No pictures, please: print exactly the lines from the one that contains "View of the" through the last line of the listing.
Information supplied START
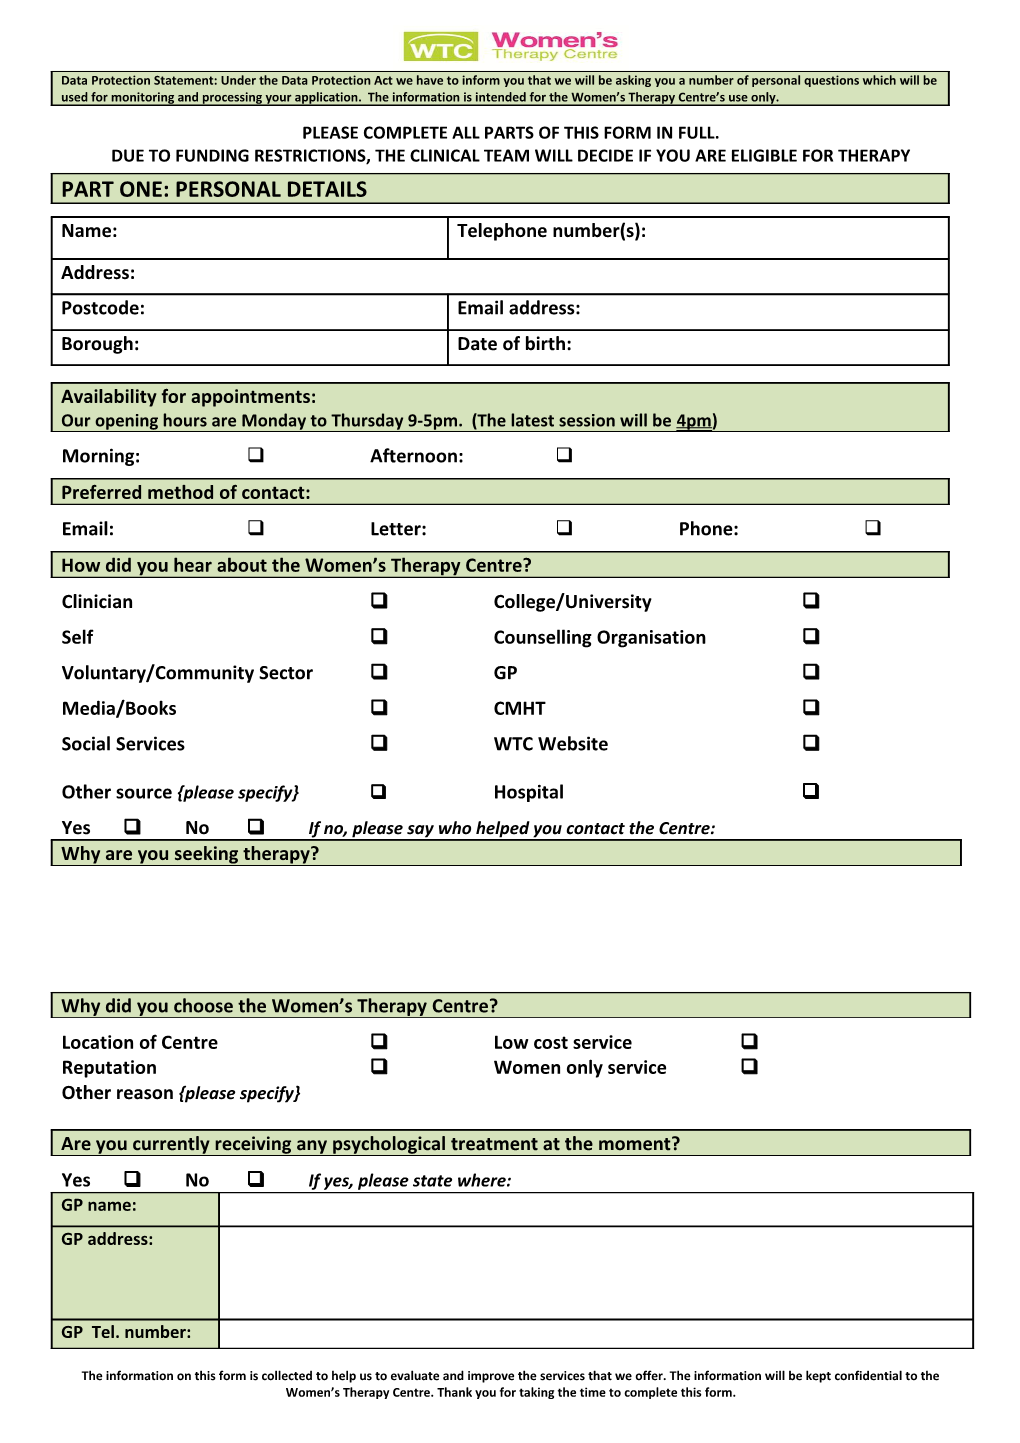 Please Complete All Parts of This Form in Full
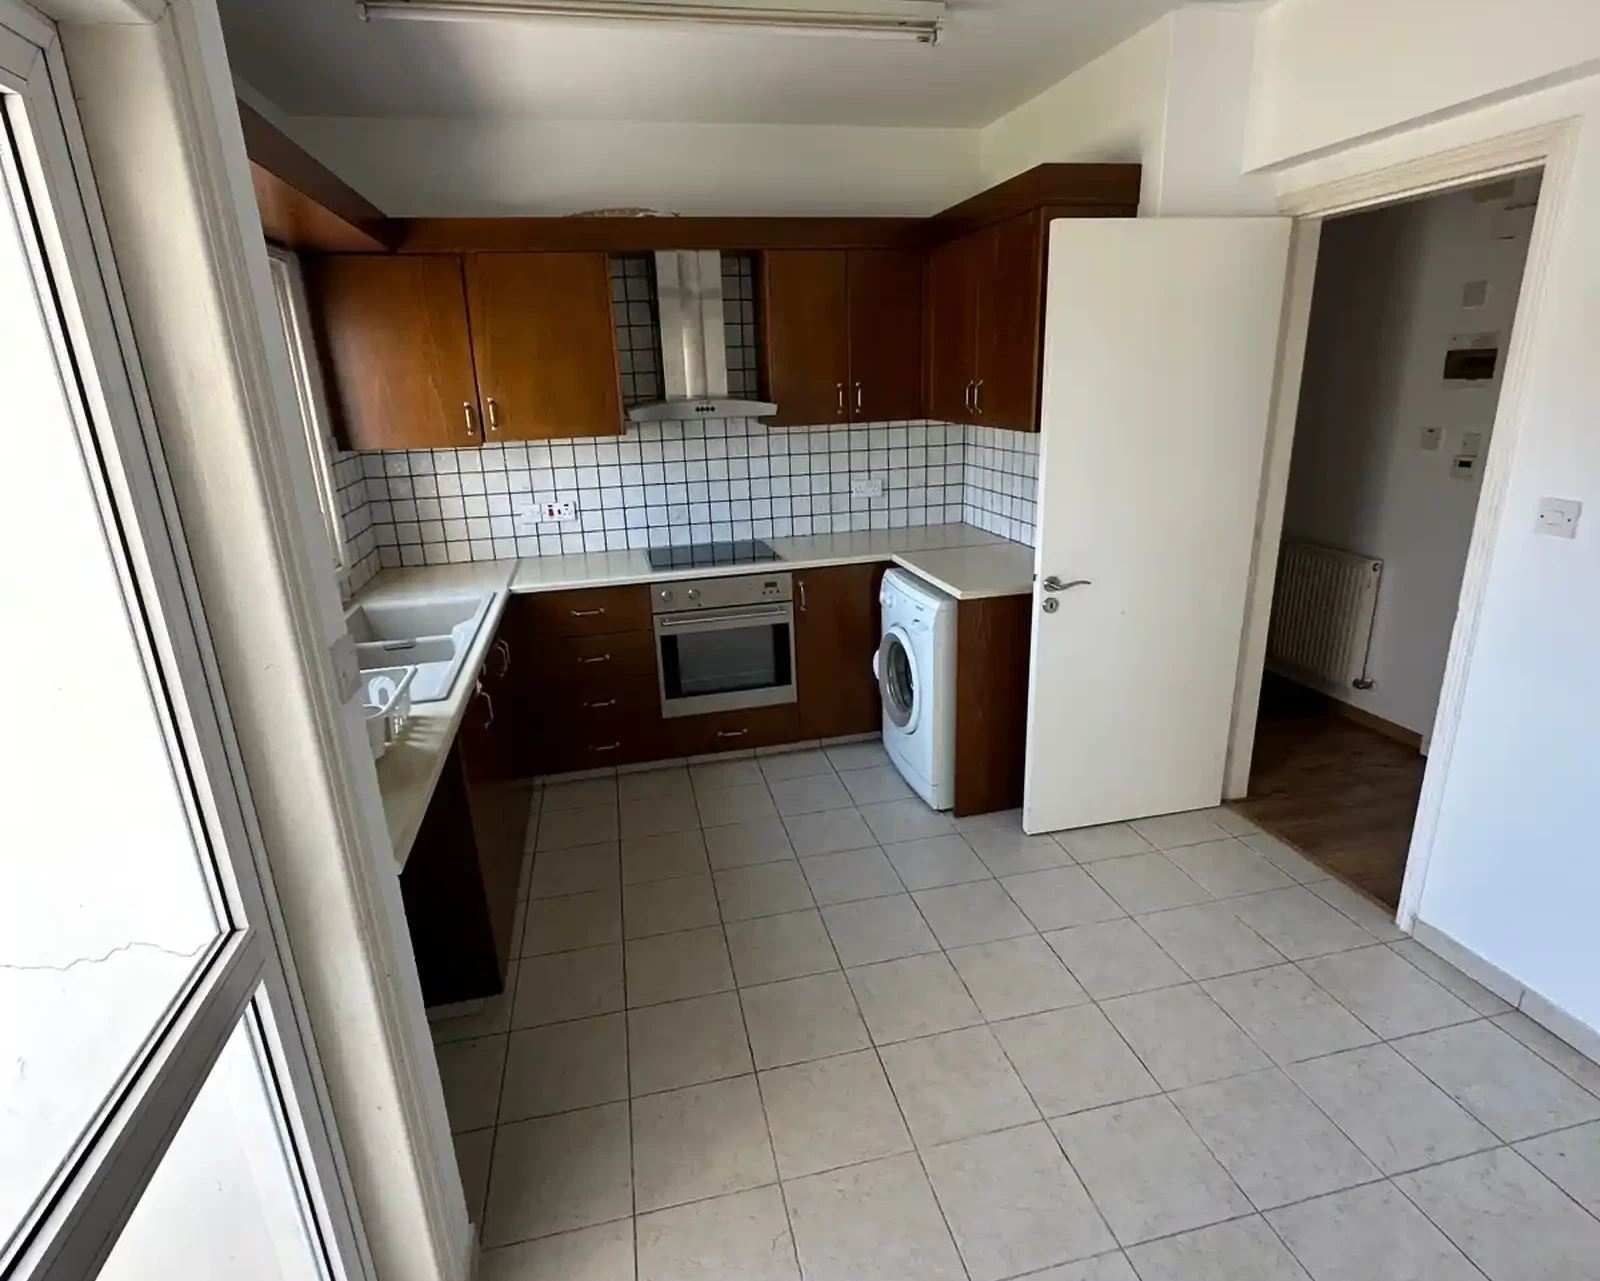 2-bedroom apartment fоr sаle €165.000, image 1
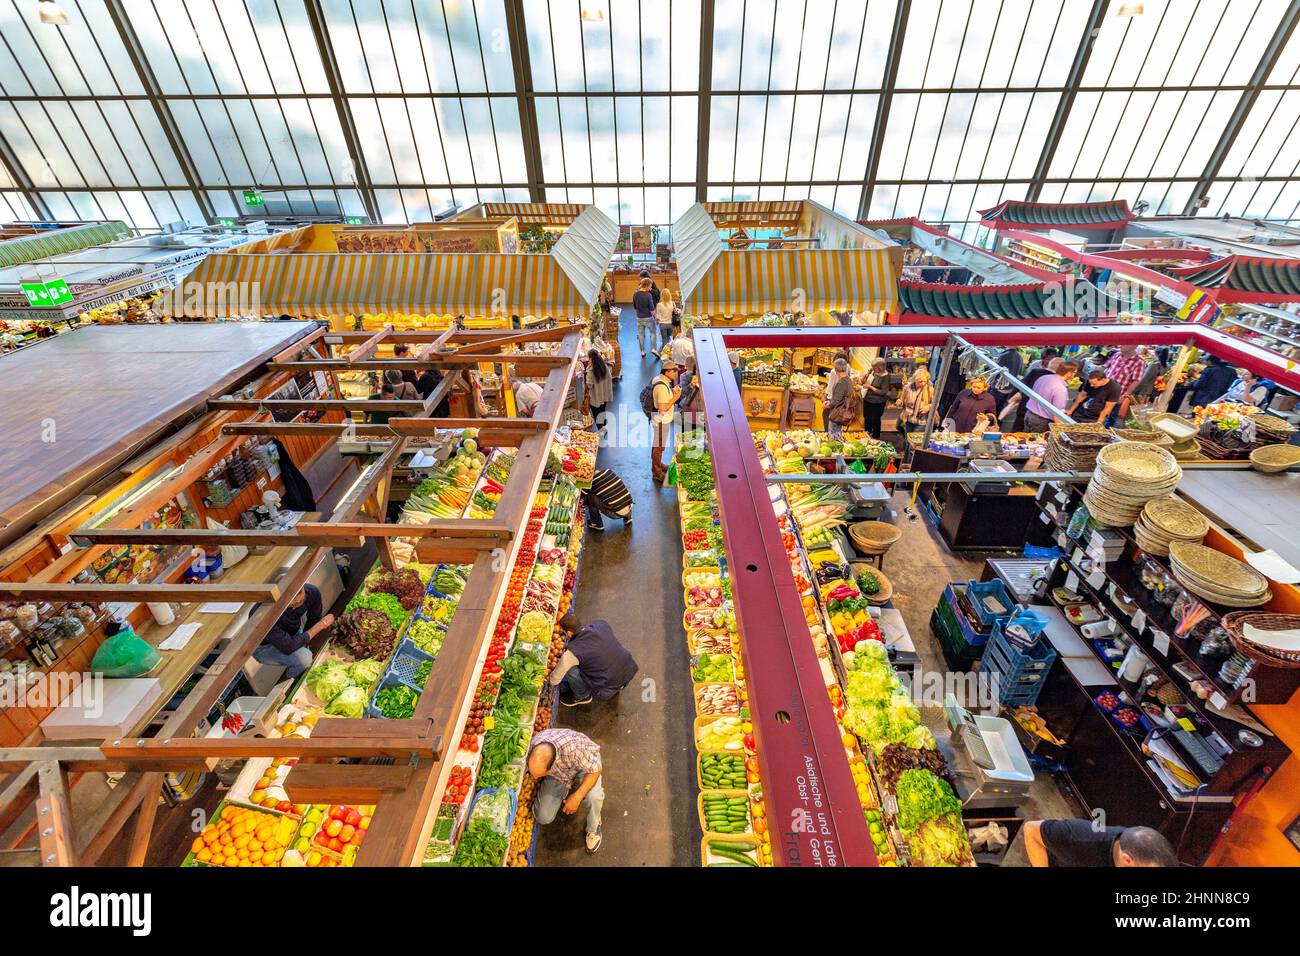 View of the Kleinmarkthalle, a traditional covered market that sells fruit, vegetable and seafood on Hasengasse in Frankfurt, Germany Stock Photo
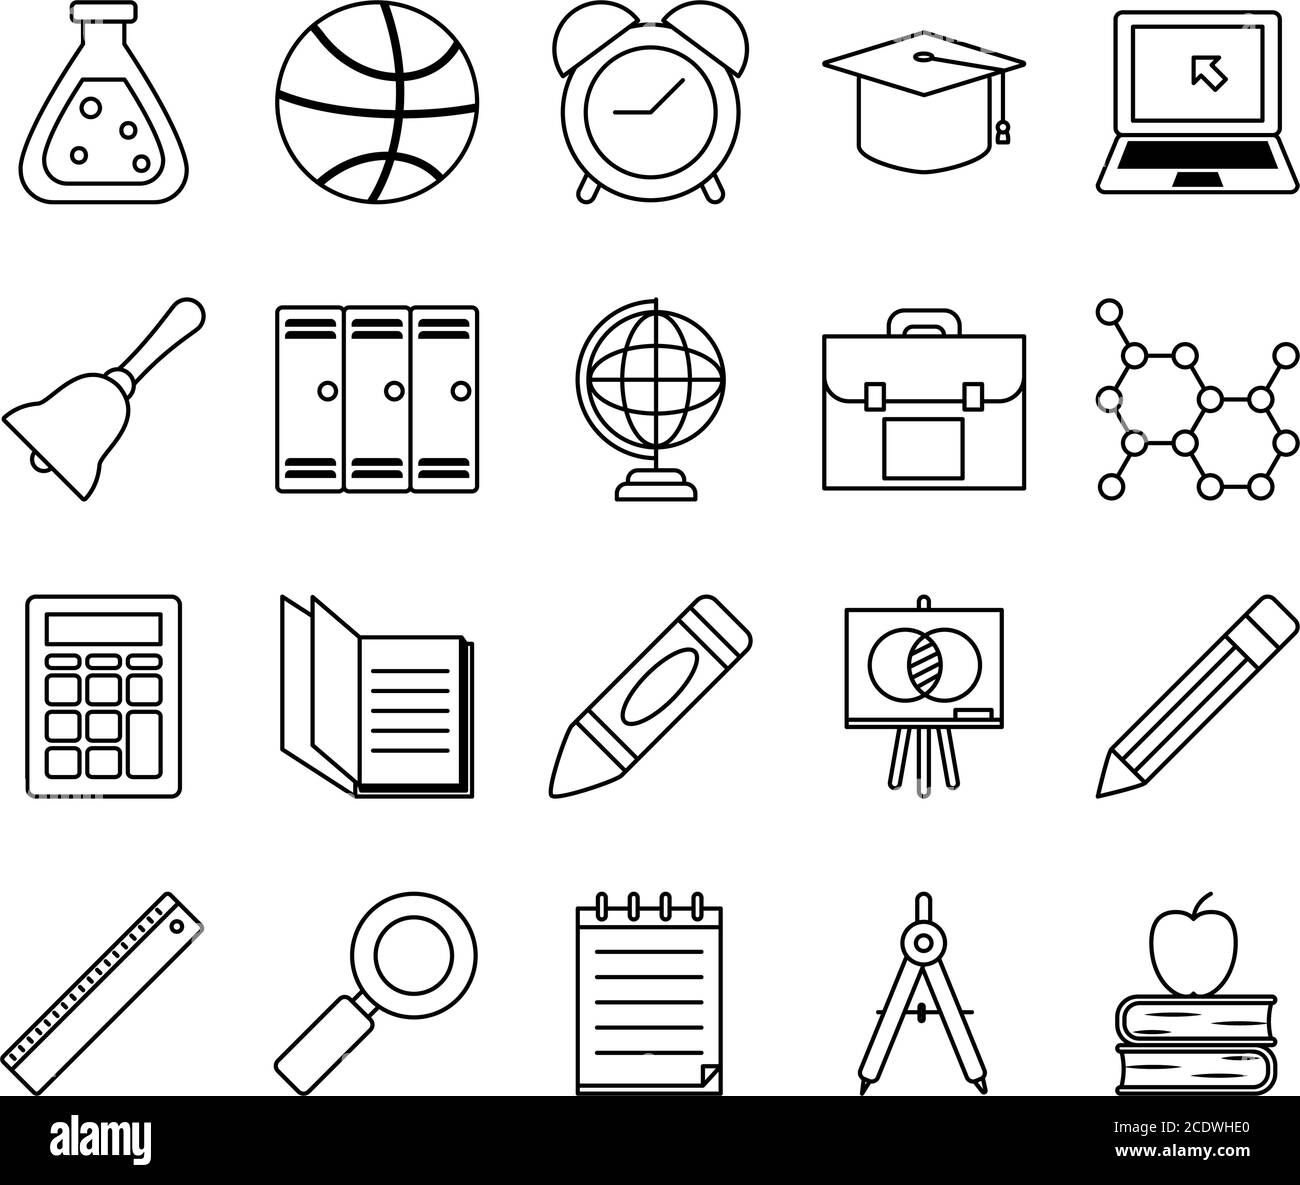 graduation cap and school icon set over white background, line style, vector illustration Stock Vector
Information supplied END
■ **Exercise result**:
 View of the Kleinmarkthalle, a traditional covered market that sells fruit, vegetable and seafood on Hasengasse in Frankfurt, Germany Stock Photo
 graduation cap and school icon set over white background, line style, vector illustration Stock Vector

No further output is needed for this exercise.